++++ AVAILABLE DATA

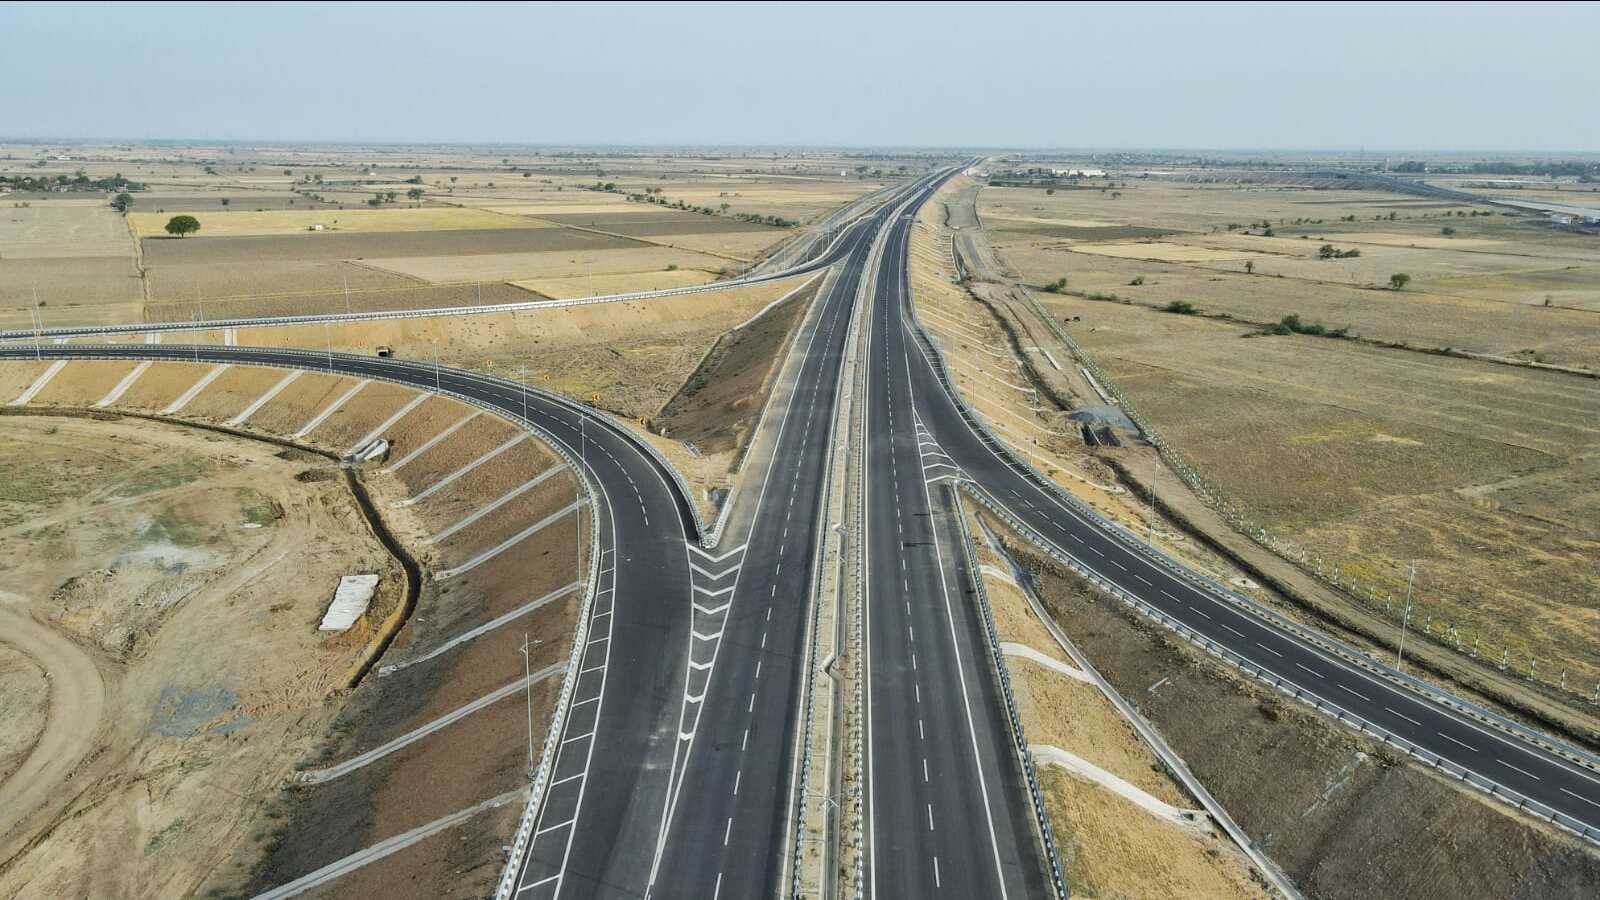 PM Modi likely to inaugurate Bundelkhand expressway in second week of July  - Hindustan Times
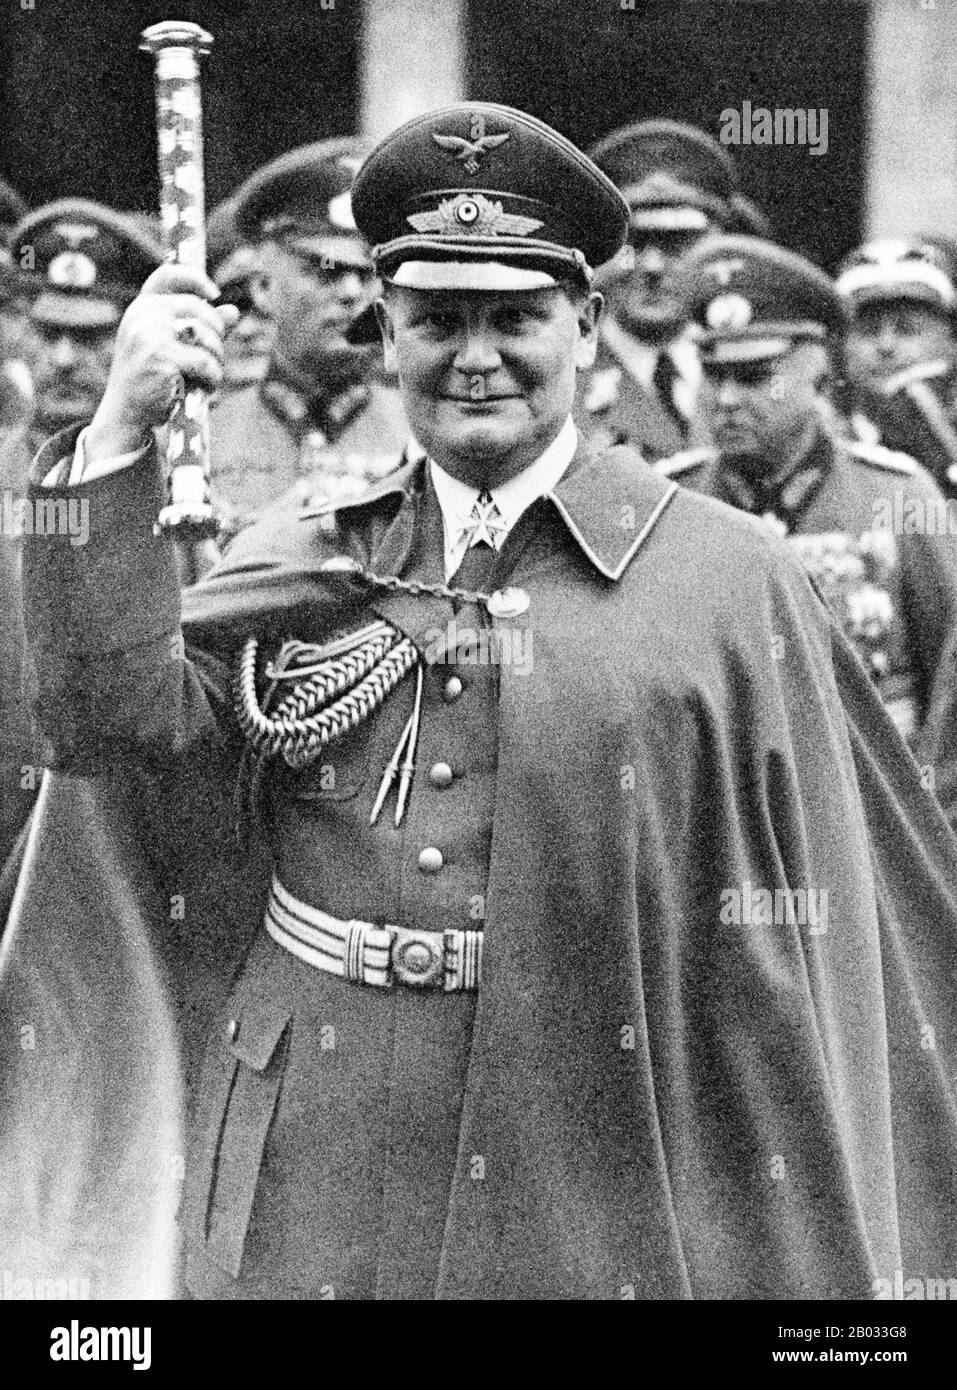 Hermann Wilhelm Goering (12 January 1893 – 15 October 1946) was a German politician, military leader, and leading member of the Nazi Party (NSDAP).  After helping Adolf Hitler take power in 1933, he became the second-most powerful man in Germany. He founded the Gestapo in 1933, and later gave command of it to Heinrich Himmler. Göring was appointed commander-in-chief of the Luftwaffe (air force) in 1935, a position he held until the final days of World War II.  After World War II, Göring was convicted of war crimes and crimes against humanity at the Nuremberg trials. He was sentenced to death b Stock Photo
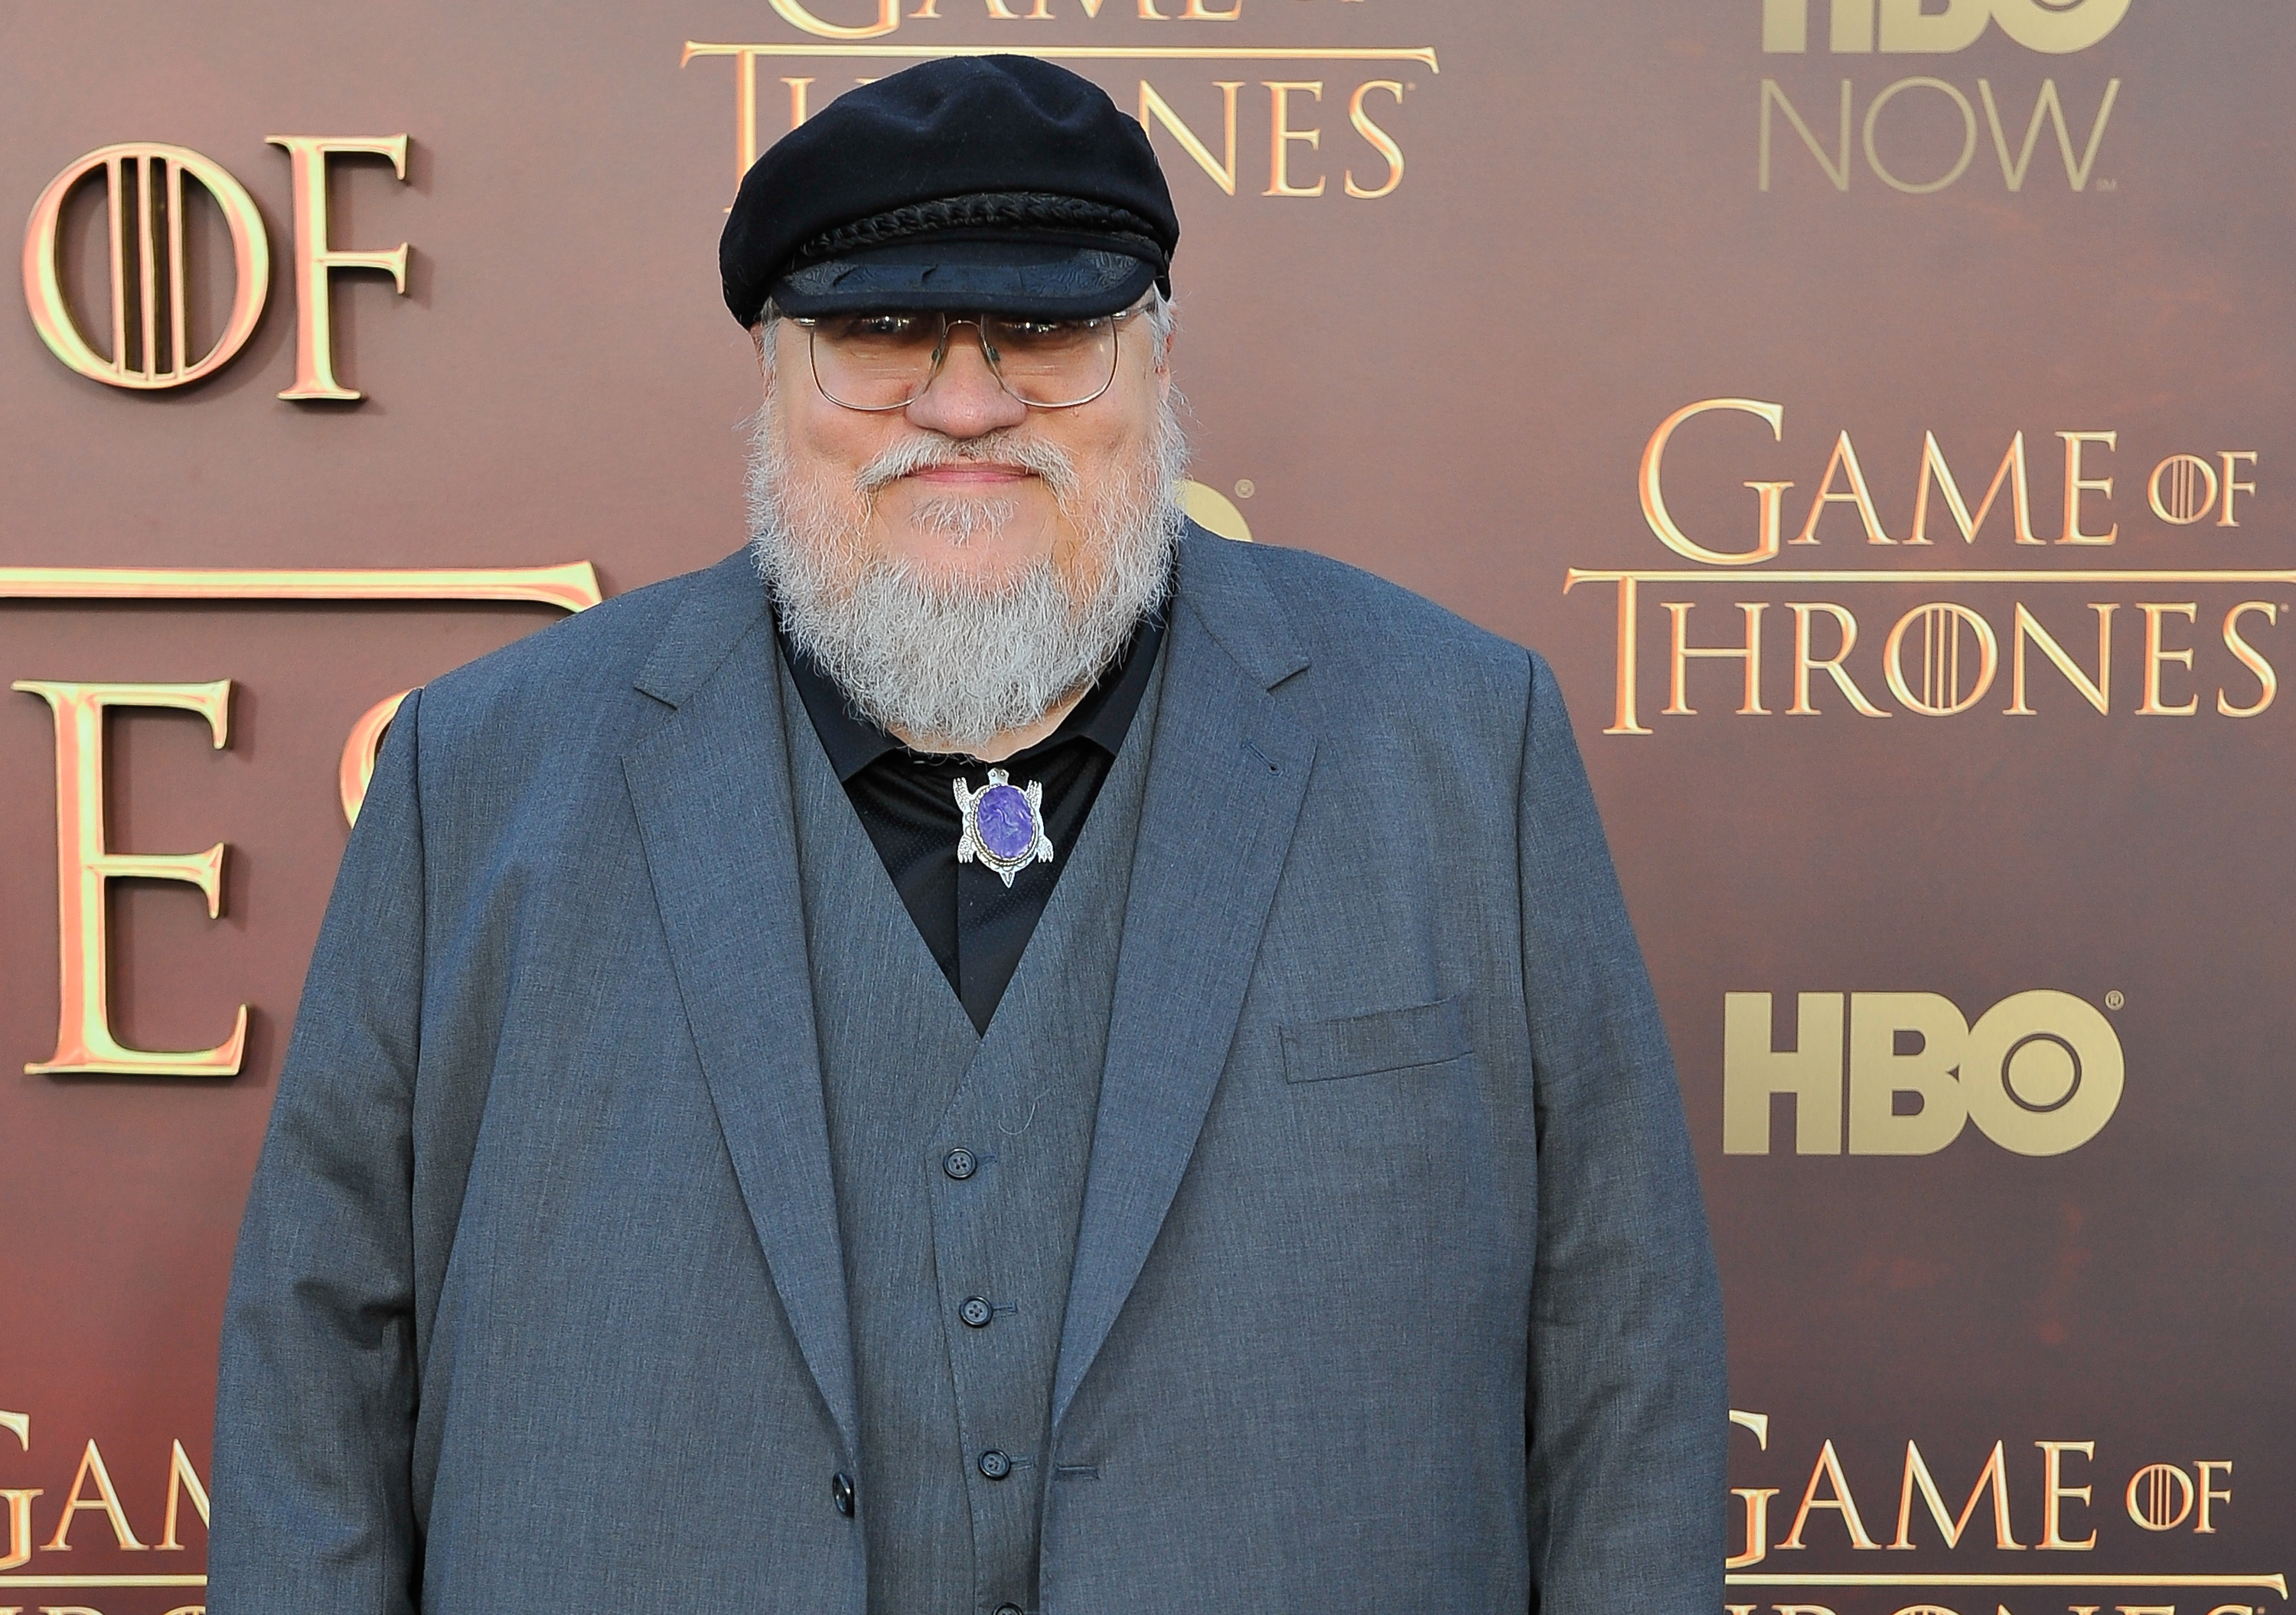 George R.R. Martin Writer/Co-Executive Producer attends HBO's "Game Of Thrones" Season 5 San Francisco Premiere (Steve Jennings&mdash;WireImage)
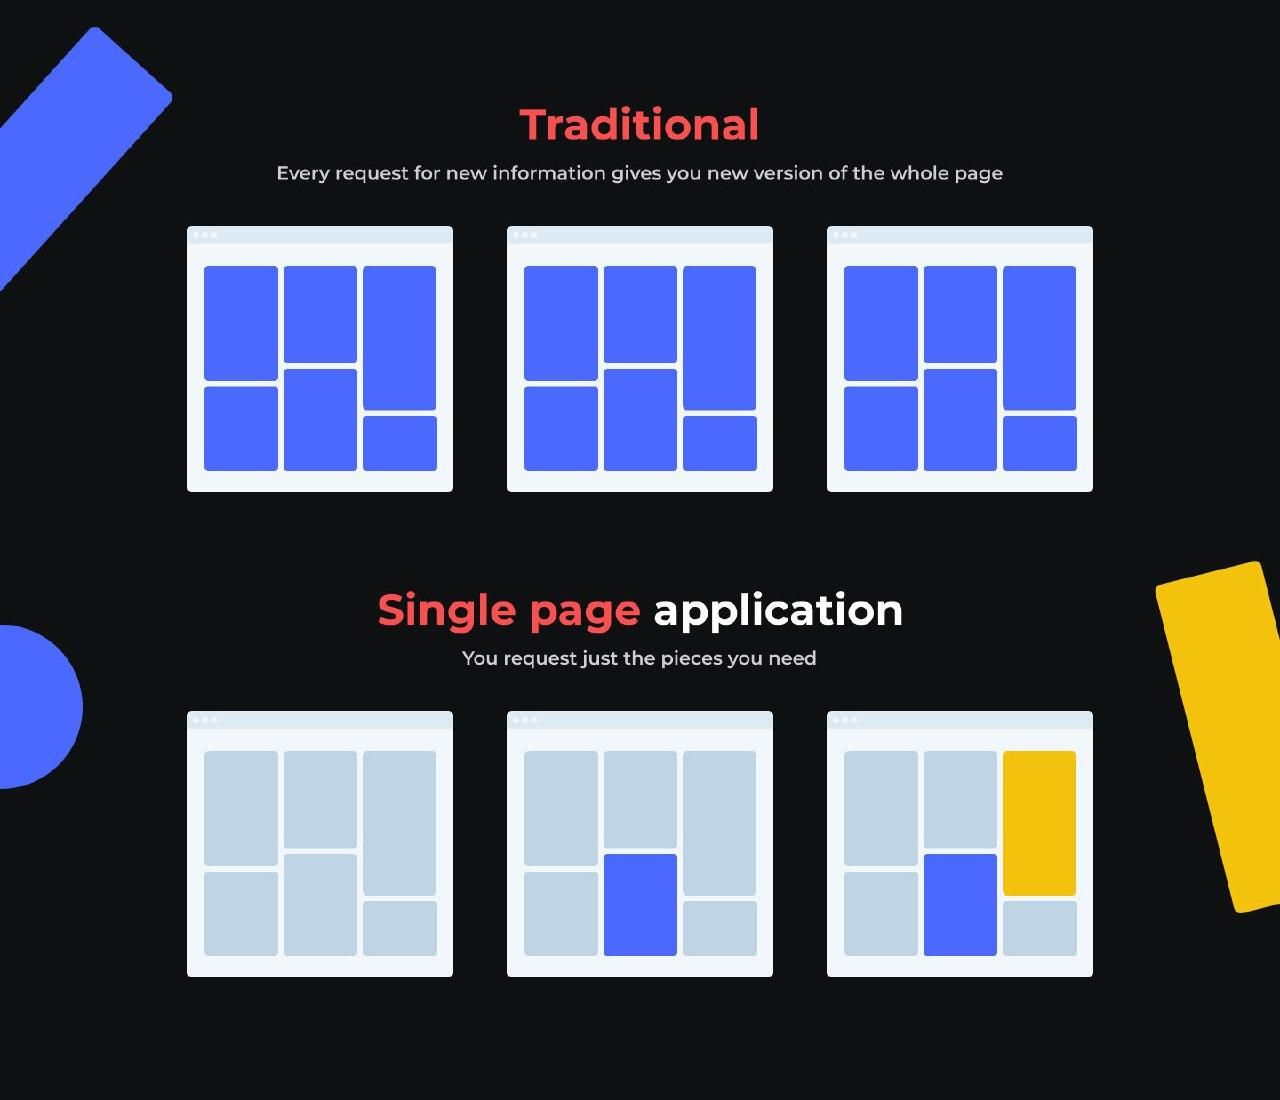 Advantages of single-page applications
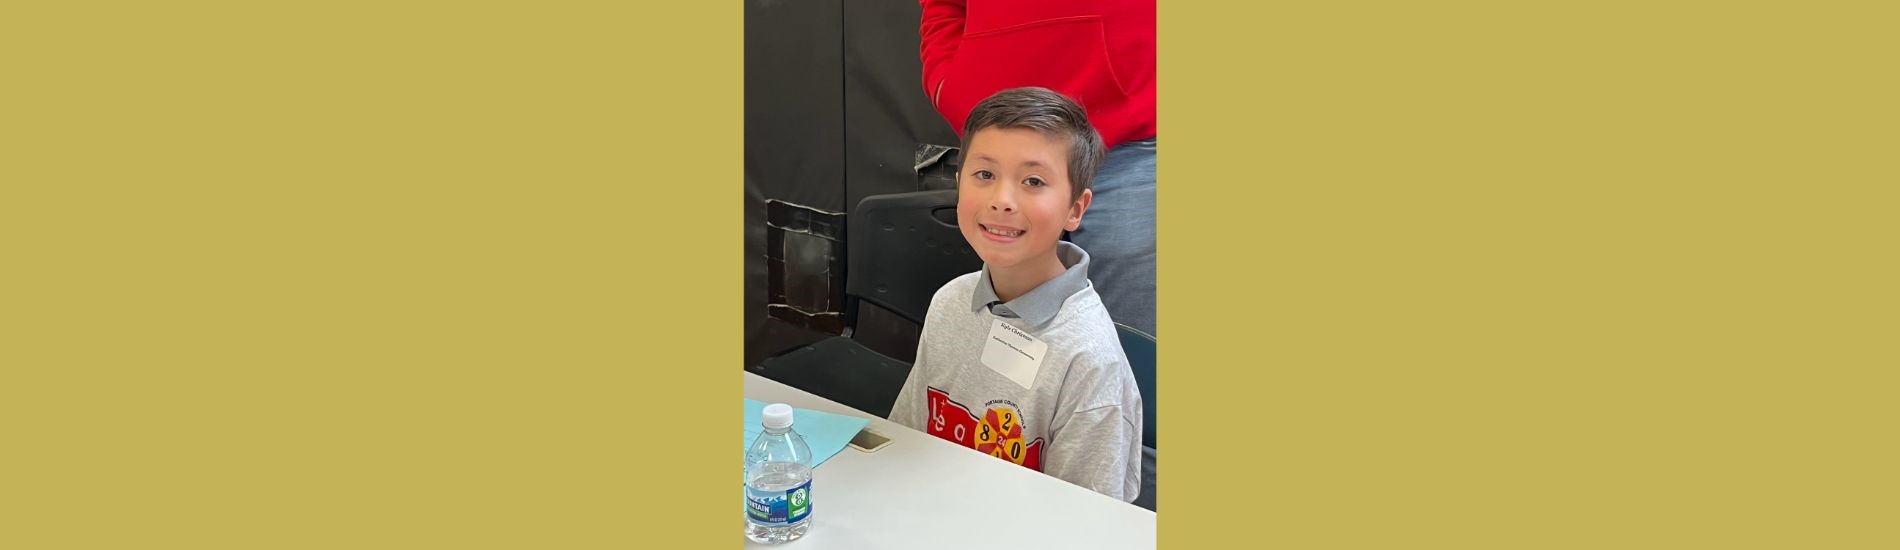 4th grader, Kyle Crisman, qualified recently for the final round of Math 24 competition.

++++++++

The lines running from the one with "Advantages of single-page applications" to the close of the material above are to be retyped exactly; no picture is to be included.

ANSWER TO THE PROBLEM:
 Advantages of single-page applications
 4th grader, Kyle Crisman, qualified recently for the final round of Math 24 competition.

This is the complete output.